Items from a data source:
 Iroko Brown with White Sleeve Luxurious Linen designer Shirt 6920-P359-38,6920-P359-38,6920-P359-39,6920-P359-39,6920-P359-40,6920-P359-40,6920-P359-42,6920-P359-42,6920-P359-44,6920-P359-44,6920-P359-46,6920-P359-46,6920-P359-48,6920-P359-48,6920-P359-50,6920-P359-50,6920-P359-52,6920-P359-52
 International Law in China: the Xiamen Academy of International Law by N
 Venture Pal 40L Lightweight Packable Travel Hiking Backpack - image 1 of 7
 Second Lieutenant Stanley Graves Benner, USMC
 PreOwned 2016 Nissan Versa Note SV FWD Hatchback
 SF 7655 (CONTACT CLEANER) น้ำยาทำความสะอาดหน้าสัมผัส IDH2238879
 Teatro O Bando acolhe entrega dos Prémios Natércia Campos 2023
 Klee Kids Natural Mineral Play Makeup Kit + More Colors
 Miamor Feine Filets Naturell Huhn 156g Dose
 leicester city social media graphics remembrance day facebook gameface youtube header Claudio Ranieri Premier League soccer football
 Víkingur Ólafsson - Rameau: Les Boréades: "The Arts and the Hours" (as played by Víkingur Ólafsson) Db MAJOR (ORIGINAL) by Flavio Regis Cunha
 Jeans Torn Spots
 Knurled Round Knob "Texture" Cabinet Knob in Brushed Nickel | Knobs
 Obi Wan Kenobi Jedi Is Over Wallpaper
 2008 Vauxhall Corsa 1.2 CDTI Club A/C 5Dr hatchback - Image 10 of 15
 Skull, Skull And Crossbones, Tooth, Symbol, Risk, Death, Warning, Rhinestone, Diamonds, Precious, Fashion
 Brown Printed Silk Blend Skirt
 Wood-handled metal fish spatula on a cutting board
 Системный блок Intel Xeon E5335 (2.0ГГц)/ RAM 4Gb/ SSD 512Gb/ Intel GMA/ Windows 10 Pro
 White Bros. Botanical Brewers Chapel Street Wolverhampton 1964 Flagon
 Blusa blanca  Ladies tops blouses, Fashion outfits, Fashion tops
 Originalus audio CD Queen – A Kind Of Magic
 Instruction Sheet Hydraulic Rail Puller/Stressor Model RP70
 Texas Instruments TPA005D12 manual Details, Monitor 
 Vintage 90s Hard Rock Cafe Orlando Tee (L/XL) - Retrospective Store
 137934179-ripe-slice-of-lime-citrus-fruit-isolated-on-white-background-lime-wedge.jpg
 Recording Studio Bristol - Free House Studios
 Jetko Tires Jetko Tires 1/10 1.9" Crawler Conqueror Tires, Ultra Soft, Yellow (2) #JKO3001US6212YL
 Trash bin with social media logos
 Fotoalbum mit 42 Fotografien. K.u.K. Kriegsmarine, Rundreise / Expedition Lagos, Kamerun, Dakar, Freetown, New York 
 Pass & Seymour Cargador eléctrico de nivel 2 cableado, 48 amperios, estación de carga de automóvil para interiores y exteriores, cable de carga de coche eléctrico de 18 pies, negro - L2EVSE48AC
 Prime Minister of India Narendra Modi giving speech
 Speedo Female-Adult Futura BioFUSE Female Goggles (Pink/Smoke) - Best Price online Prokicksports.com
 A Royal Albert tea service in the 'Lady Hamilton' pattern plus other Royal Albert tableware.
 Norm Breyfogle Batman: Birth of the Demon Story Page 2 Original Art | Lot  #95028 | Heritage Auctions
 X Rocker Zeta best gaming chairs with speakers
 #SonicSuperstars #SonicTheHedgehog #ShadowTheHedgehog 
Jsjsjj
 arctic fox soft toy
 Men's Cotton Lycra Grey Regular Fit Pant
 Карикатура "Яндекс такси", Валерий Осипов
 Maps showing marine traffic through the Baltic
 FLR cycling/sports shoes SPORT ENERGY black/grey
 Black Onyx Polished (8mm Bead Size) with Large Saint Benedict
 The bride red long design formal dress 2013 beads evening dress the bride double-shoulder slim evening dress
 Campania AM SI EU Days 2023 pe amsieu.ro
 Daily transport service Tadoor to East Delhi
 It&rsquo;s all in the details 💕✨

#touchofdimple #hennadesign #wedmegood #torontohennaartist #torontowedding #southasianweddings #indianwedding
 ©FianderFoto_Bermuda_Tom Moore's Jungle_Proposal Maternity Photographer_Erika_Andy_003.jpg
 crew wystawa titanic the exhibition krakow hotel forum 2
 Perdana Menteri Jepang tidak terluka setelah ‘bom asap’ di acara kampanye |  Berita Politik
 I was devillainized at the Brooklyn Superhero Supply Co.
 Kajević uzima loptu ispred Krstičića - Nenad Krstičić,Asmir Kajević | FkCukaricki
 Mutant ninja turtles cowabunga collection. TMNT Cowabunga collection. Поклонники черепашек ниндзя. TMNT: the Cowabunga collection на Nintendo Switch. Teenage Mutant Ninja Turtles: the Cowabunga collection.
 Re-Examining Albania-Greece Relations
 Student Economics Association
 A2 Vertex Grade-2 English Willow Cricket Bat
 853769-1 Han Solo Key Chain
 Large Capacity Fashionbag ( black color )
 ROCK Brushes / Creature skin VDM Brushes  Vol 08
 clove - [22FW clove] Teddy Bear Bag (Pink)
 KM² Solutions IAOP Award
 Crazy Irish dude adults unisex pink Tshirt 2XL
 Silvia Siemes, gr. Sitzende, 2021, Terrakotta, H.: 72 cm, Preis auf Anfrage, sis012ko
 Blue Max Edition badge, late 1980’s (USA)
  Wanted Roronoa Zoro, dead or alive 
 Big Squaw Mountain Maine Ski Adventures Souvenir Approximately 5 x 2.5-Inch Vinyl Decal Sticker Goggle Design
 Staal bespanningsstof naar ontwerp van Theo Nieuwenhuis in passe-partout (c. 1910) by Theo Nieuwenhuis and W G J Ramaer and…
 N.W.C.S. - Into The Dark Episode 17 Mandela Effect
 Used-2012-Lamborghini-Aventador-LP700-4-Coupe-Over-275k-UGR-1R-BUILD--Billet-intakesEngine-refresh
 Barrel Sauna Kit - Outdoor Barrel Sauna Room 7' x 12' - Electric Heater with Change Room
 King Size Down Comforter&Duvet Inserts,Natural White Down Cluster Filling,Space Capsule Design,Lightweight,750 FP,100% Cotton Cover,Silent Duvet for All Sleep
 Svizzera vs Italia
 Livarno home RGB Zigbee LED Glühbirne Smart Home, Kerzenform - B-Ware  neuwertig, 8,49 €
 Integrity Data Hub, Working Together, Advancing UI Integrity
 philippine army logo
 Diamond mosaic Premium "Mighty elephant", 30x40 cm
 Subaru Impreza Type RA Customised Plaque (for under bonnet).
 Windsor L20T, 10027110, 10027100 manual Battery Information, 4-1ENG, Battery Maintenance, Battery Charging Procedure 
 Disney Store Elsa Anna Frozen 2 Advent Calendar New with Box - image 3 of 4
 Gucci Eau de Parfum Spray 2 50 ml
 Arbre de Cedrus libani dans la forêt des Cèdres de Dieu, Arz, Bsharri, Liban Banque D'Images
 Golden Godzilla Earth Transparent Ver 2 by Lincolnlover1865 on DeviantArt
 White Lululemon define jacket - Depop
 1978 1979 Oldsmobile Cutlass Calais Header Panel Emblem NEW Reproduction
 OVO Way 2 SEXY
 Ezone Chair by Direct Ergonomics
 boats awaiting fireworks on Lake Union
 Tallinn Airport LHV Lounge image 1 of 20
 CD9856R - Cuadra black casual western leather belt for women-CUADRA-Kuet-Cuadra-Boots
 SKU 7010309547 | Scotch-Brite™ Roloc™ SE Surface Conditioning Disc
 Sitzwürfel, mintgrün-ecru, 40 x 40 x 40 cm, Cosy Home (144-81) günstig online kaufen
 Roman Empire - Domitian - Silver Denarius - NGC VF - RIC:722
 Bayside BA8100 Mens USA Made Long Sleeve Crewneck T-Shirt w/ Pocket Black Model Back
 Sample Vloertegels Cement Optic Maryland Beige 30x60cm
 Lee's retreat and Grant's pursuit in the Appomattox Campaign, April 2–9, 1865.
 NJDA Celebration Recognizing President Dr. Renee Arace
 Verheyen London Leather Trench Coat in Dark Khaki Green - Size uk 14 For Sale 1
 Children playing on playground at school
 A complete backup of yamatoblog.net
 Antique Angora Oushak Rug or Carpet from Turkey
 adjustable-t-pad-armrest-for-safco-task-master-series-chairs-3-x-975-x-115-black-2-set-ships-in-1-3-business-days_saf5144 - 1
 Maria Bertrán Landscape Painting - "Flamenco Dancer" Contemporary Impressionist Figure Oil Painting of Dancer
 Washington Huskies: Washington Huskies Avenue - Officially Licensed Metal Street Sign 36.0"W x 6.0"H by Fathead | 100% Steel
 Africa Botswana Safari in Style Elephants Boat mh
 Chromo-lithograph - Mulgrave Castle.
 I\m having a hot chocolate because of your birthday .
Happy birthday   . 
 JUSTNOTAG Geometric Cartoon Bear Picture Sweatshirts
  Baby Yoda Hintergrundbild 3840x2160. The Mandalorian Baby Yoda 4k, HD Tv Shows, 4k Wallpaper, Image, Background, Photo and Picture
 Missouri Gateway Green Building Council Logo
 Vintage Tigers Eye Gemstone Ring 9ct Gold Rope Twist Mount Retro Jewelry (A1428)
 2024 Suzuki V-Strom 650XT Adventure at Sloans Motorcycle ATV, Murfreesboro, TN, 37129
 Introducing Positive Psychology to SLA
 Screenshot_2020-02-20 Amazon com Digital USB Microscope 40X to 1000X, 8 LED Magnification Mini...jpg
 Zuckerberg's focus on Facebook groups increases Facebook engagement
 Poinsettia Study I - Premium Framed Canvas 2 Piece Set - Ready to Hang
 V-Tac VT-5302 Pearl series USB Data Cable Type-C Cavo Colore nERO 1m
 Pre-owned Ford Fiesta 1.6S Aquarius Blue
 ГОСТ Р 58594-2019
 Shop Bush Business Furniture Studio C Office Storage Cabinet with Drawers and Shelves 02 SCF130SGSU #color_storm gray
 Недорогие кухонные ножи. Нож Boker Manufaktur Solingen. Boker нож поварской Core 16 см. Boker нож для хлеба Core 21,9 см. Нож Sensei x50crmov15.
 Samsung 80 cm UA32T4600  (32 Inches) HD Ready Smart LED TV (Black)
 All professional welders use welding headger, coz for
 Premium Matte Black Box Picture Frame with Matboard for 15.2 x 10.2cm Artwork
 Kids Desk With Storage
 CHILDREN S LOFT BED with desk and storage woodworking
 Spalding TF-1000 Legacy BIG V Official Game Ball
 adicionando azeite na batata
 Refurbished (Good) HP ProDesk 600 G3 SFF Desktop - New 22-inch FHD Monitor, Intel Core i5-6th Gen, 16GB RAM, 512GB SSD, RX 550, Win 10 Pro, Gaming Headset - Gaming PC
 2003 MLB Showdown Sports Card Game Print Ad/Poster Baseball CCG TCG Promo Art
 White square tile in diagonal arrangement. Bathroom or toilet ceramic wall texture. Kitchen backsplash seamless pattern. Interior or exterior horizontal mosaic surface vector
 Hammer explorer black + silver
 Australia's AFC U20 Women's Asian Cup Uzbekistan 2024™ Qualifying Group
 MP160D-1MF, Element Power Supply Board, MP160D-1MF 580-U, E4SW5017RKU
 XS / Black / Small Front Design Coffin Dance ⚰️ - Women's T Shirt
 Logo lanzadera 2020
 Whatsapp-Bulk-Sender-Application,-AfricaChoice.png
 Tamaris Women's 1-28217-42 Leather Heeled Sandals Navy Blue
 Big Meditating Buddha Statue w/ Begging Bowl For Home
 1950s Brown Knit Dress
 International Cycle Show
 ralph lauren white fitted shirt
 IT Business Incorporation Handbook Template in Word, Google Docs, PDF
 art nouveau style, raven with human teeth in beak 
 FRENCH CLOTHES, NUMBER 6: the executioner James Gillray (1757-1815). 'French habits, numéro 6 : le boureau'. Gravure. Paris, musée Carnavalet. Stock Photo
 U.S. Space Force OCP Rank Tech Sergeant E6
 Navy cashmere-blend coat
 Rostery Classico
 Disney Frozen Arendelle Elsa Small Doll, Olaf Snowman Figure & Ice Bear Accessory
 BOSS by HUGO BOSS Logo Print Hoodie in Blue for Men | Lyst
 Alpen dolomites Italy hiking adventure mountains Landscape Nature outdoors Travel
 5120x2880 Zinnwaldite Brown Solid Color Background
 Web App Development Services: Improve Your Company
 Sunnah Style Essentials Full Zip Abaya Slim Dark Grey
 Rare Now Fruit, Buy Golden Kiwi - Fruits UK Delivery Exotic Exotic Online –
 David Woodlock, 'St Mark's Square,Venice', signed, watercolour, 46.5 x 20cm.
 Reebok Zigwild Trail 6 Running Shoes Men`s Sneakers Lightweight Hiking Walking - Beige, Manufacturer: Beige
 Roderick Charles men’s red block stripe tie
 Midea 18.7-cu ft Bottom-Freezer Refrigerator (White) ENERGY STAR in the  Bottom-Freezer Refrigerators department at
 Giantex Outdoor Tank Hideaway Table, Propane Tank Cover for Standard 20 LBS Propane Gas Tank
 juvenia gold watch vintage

- **Assignment**
Among the records above, only the lines between the line holding "arctic fox soft toy" and the line holding "Student Economics Association", inclusive, are to be output, exactly as written.

- **Exercise result**
 arctic fox soft toy
 Men's Cotton Lycra Grey Regular Fit Pant
 Карикатура "Яндекс такси", Валерий Осипов
 Maps showing marine traffic through the Baltic
 FLR cycling/sports shoes SPORT ENERGY black/grey
 Black Onyx Polished (8mm Bead Size) with Large Saint Benedict
 The bride red long design formal dress 2013 beads evening dress the bride double-shoulder slim evening dress
 Campania AM SI EU Days 2023 pe amsieu.ro
 Daily transport service Tadoor to East Delhi
 It&rsquo;s all in the details 💕✨

#touchofdimple #hennadesign #wedmegood #torontohennaartist #torontowedding #southasianweddings #indianwedding
 ©FianderFoto_Bermuda_Tom Moore's Jungle_Proposal Maternity Photographer_Erika_Andy_003.jpg
 crew wystawa titanic the exhibition krakow hotel forum 2
 Perdana Menteri Jepang tidak terluka setelah ‘bom asap’ di acara kampanye |  Berita Politik
 I was devillainized at the Brooklyn Superhero Supply Co.
 Kajević uzima loptu ispred Krstičića - Nenad Krstičić,Asmir Kajević | FkCukaricki
 Mutant ninja turtles cowabunga collection. TMNT Cowabunga collection. Поклонники черепашек ниндзя. TMNT: the Cowabunga collection на Nintendo Switch. Teenage Mutant Ninja Turtles: the Cowabunga collection.
 Re-Examining Albania-Greece Relations
 Student Economics Association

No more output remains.